Мигнули синим семафоры, на миг накатила ностальгия по работе в Германии. Как ни крути, а мастер, французы многому научили, да и Хельга – тоже полезный опыт. Кто бы они ни были, а люди хорошие оказались, иначе бы и не выжили в хаосе войны. Так рвались домой, так хотелось рассказать, что можно житьё иначе обустраивать, что всё не так у капиталистов, а люди такие же бедные, обманутые… обречённые принимать действительность, и надо пытаться сохранить в себе человеческое милосердие.
Свисток паровоза вырвал меня в реальность, пора пробираться на вокзал, заодно прокатиться на ступеньке тамбурной площадки. Это был пассажирский на Львов, как и договаривались в группе. В товарных везли репатриантов, те ринулись как тараканы в поиске воды, полевой  кухни, которой вовсе не пахло. Судьба их ждала невеселая, а по-другому домой не вернуться. Нас ведь тоже предупреждали, уговаривали, мы же не поверили.
Предутренний холодок забрался под сердце, да так и не отпускал. Я погонял кровь, сжимая кулаки в карманах, смешался с толпой, бестолково шарахающейся по площади. Конная милиция не дремала, тоже спросонок цокала по булыжникам.
Мало-мальски город просыпался, потянулись деревенские повозки к рынку, торговки с корзинами занимали ряды, переругиваясь между собой и с нетерпеливыми пассажирами-попрошайками. Местных наблюдателей пока заметно не было, обычные бездельники, плюющиеся семечками, скоро появятся. Я озирался по сторонам, продолжая упражнение циркача-бельгица в карманах широченных брюк. Вязаная жилетка грела грудь, пальто нараспашку, картуз набекрень.
Рубаха-парень – дурачок приблудный.
Я облокотился на пустой прилавок, начал лузгать семечки, то зевая, то озираясь вокруг. Пистолет на спине за поясом неприятно давил на кость. Неизвестно где и как придется обустраиваться, так что вооружили ястребка. Вскоре молодка с корзиной и тщедушный мужичок попросили подвинуться. Грудастая женщина со знанием дела раскладывала горки яблок и груш, мешочек белых семечек, но зазывать не торопилась, а искоса поглядывала на меня, перекидываясь вполголоса со стариком. Впрочем, он быстро отошел, руки за спину, и начал, видно, привычный обход торговок, перебрёхиваясь с ними.

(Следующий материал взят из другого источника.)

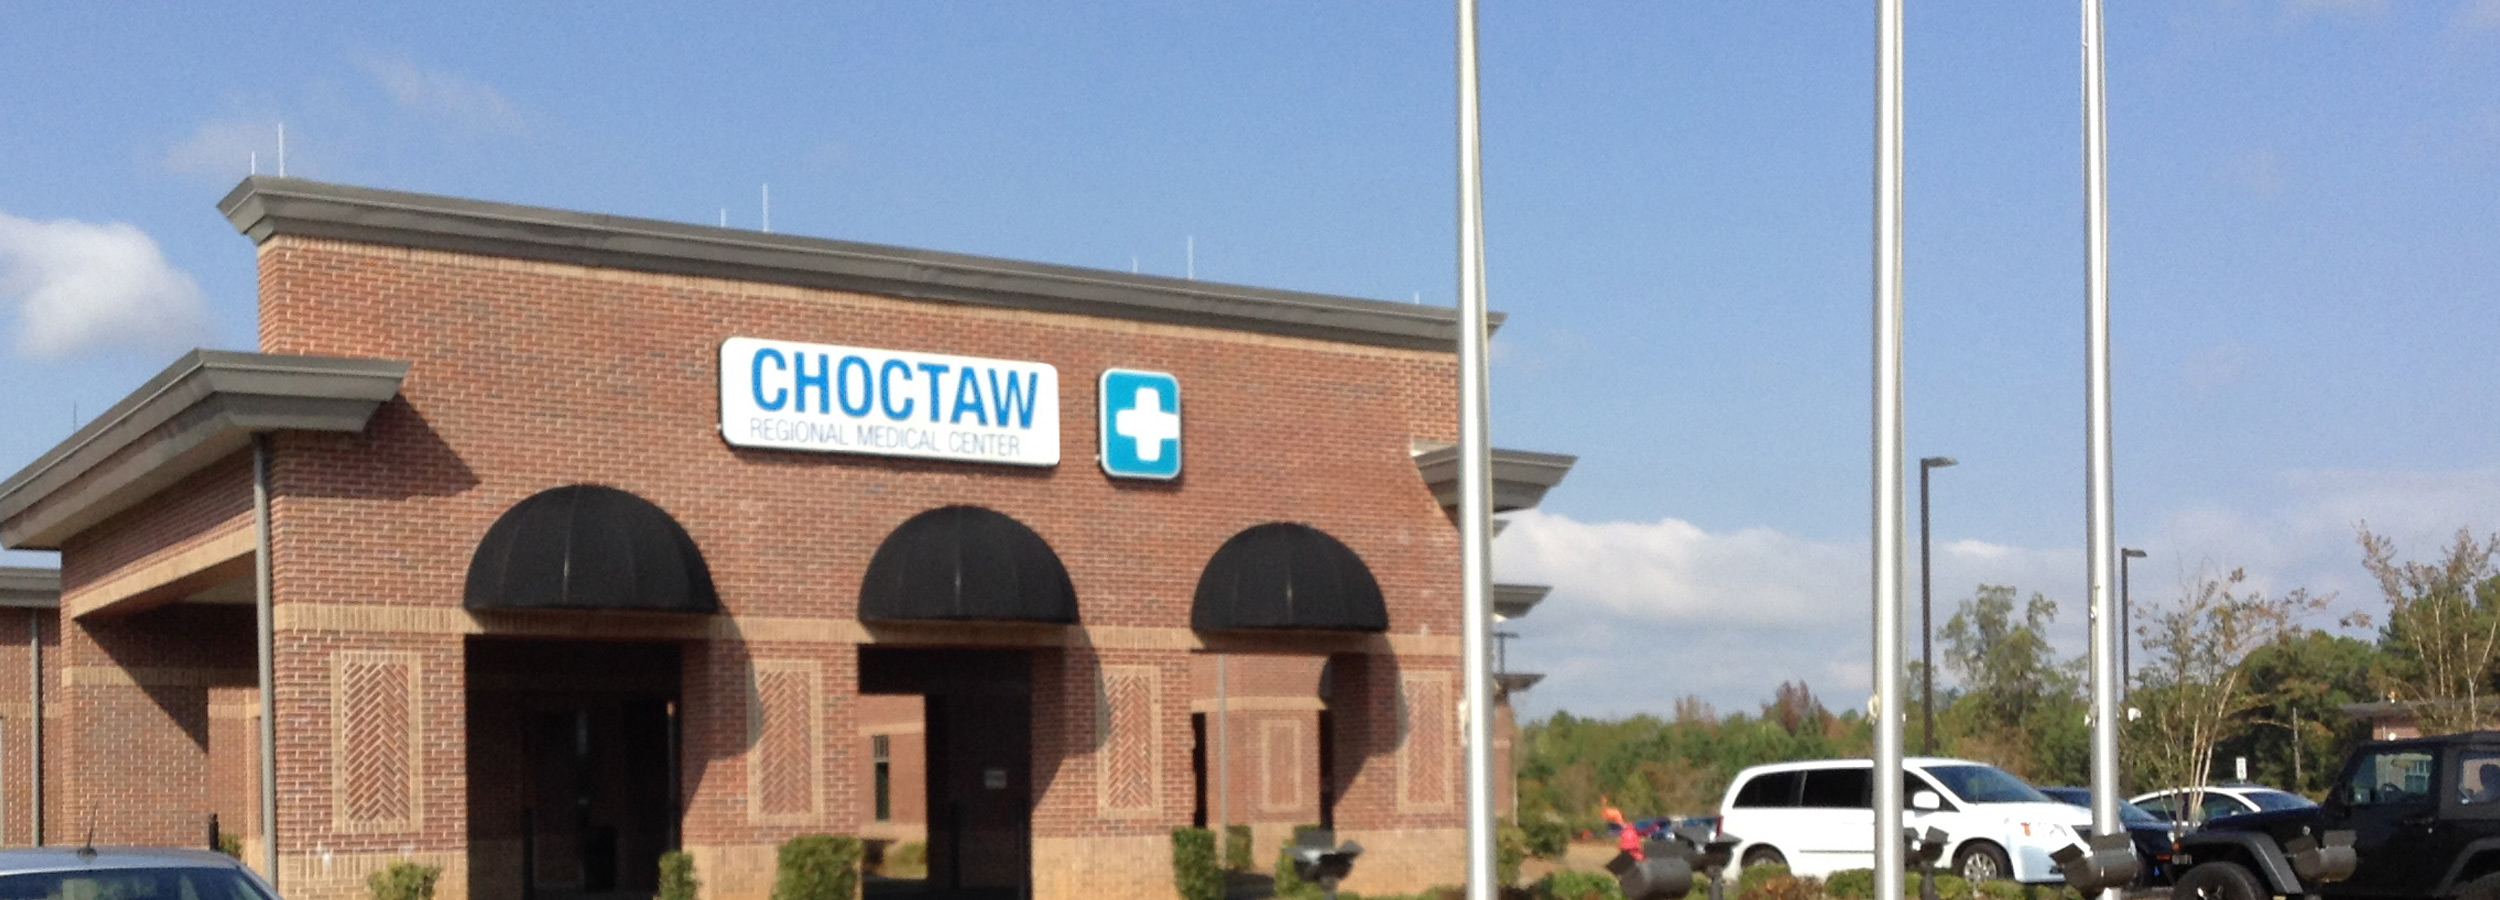 Locations - Choctaw Regional Medical Center

Что-что, а бабы здесь горластые. Марыся такой не станет – не позволю…
– Что молчишь, Кудряш? С поезда, что ль? Надо чего в дорогу?
– Да вот, переживаю, надо ли мне дальше ехать? Что-то не нравится, как дома встречают-угощают…
– Ишь ты… из этих краев, что ль?
– Не-а, тётка, еще не доехал малёк, но во Львов – мне  большой крюк делать придется.
– Аха, пересылка там, не надо тебе туда, точно говорю.
– Куда ж податься голому-босому, может, вспахать чего надо, так я могу?
– Могёшь, конечно… А шо, оставайся, на сеновале ночевать будешь?
– А как змерзну, чай зима на носу, до дома еще топать и топать.
Я загробастал пригоршню семечек из мешочка молодки и похабно ухмыльнулся.
– Не змерзнешь, перину дам, ты погуляй пока, подале от своих, а то как облава, так всех беглых соберут, – шепнула она, игриво оттолкнув меня от прилавка, и тут же заголосила: – Яблочки мочёные, огурчики солёные!
Шариться по базару в мирное время – огромное удовольствие. Мало-мальски люди начинают смотреть в глаза, торговаться – улыбаться и ржать откровенно, заигрывая с бабёнками.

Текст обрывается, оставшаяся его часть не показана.